Но сначала была Месса Навечерия Рождества в церкви Святой Екатерины, что расположена в Монбелье и к шато Мерси ближайшая. Случилось сие мероприятие накануне, двадцать четвёртого, было длинным и нудным, совершенно утомив. Наверное мой недовольный вид сбивал капеллана с божественного, потому что тот, поглядывая на меня, непременно начинал заикаться. А может мне, как некатолику, быть здесь не полагается. Если и так, указать на то мне никто, помня другие подобные преценденты и каким образом их разрешаю, не осмелился. И если вы подумали, что это всё, то я вас разочарую… А как был разочарован я, когда выяснилось, что это только начало, а нужно ещё три длиннющие литургии отстоять: ночью, утром и днём. Но делать нечего- вытерпел. Зато какая благодать меня посетила, когда понял, что всё позади… Решив непременно это отметить.

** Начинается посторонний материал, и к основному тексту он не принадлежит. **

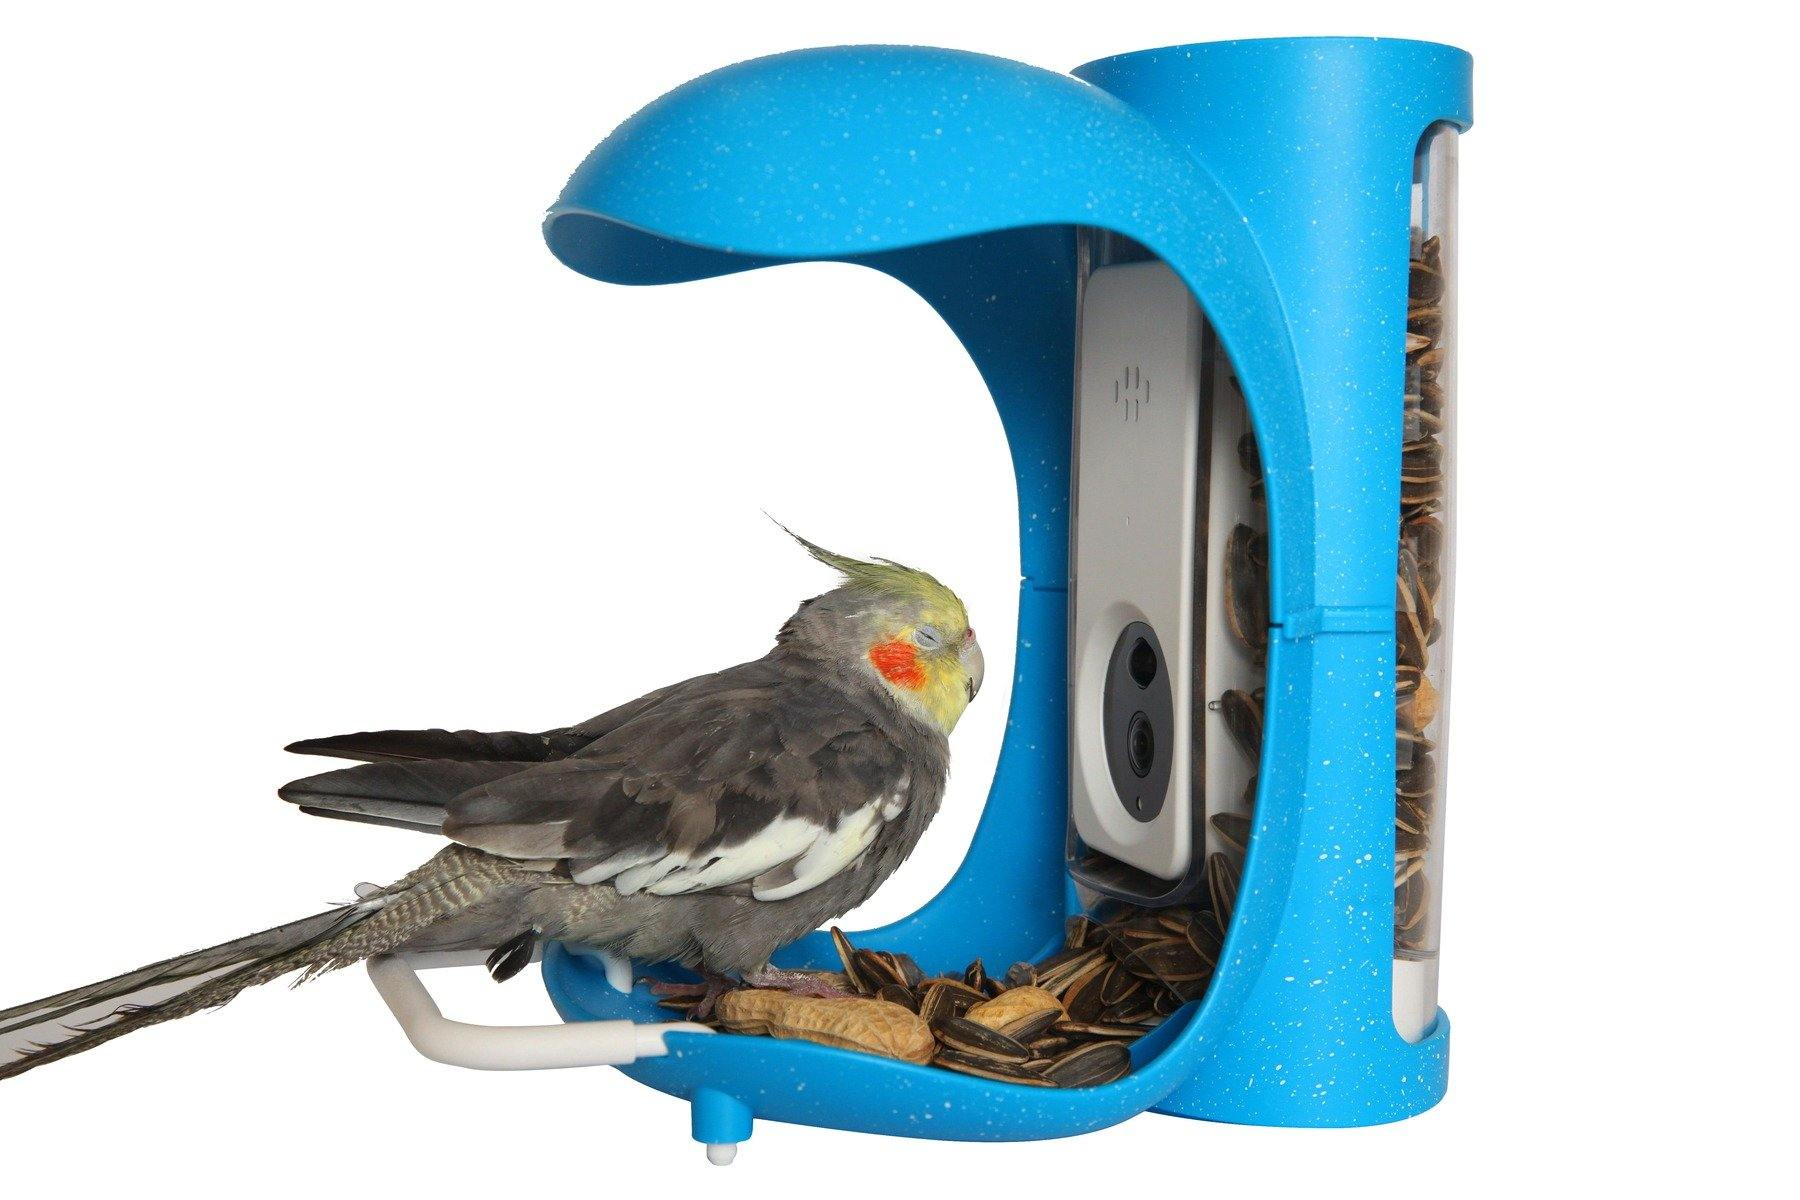 Why is it a smart bird feeder? - PalProt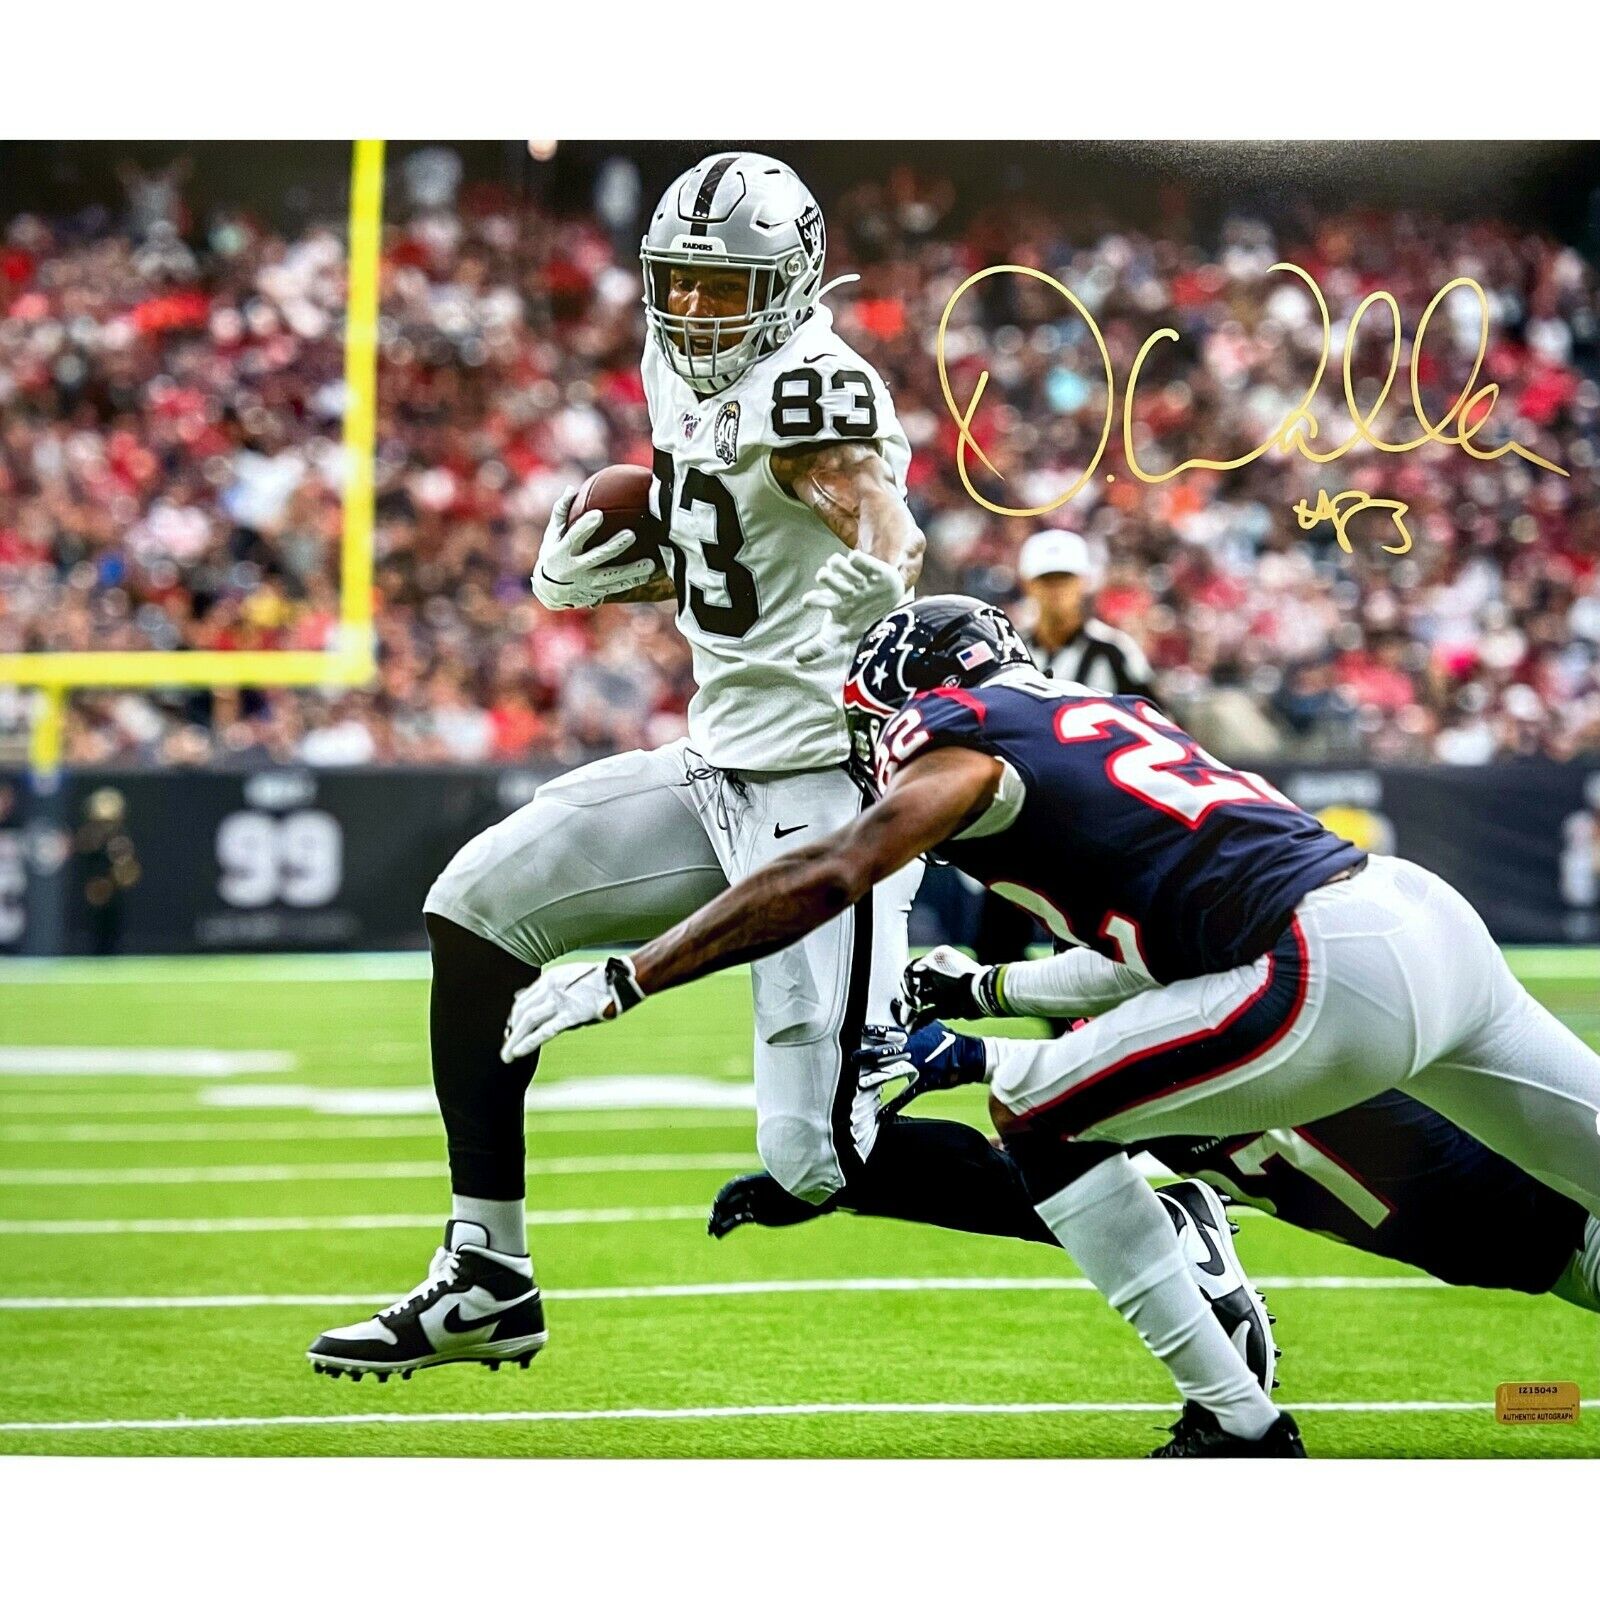 Darren Waller Autographed LV Raiders 16x20 Photo Poster painting Inscriptagraphs COA Signed Wht

— Хочу поднять этот бокал за прекраснейшую из женщин- благородную даму де Люньи! — и, слегка покачиваясь, поднял к потолку упомянутый сосуд с красным содержимым.
И, в отличие от первых, этот тост лишь мои товарищи по оружию восприняли как полагается-радостными здравницами и полными чашами. У дворян- невольных почитателей моего ораторского искусства- он вызвал неоднозначную реакцию: они запереглядывались и зашушукались, а Марго покраснела, как маков цвет. Что-то опять не так сделал? Да, и к чёрту!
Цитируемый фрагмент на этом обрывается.